Exercise
Under this line are the records; repeat exactly the lines starting at the one containing "Bargain 1 Euro" and ending at the one containing "流行、时尚网站模板-fashion-1016084", omitting pictures.

Data extracts
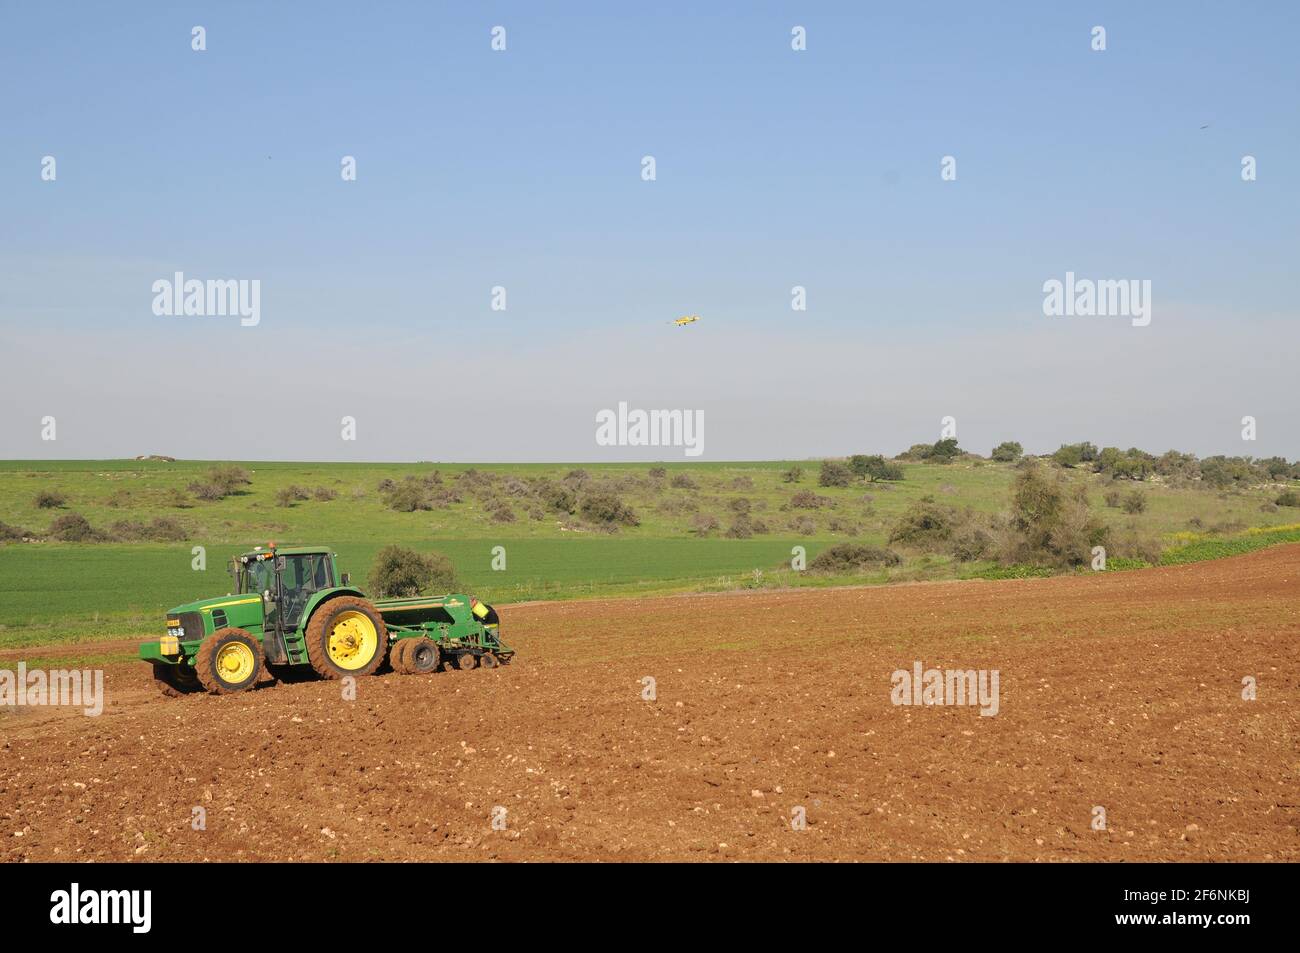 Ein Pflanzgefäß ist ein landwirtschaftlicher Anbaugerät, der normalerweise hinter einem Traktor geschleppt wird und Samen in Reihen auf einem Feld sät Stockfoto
* * *
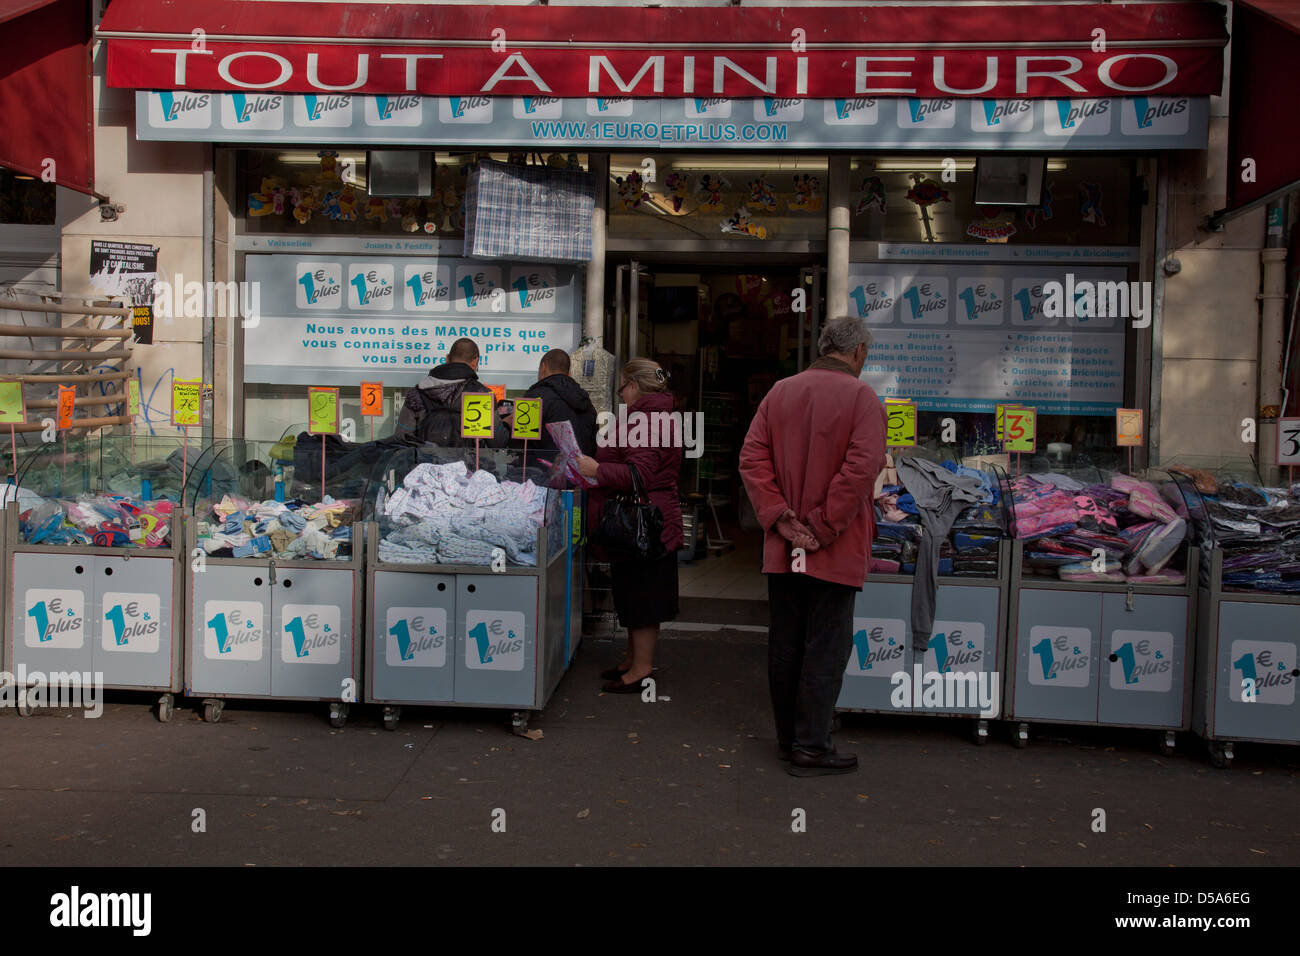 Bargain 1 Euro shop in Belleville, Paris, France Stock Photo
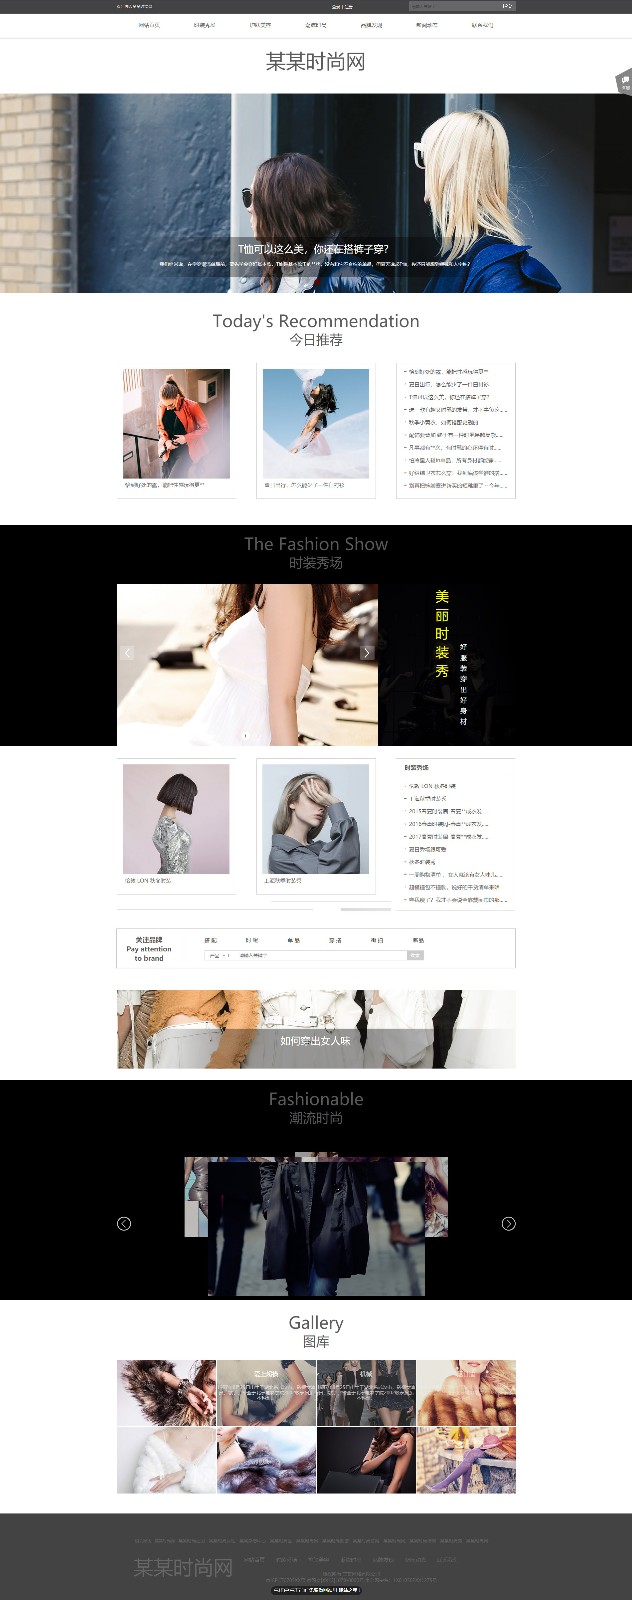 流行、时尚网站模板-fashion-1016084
--
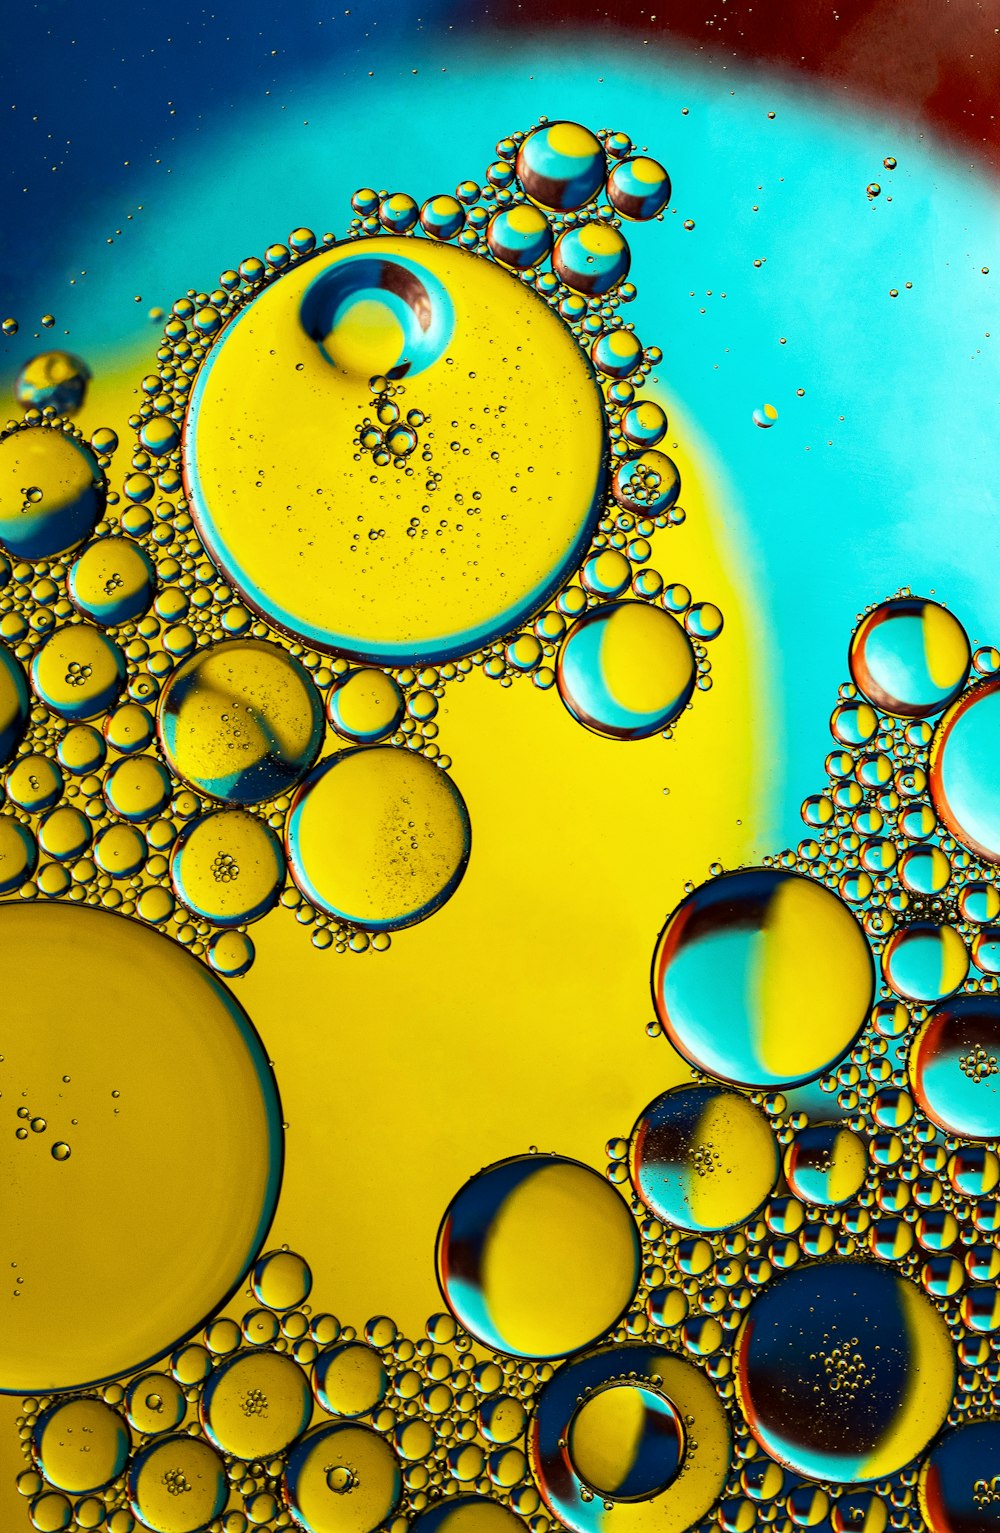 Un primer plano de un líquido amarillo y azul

Answer section
 Bargain 1 Euro shop in Belleville, Paris, France Stock Photo
 流行、时尚网站模板-fashion-1016084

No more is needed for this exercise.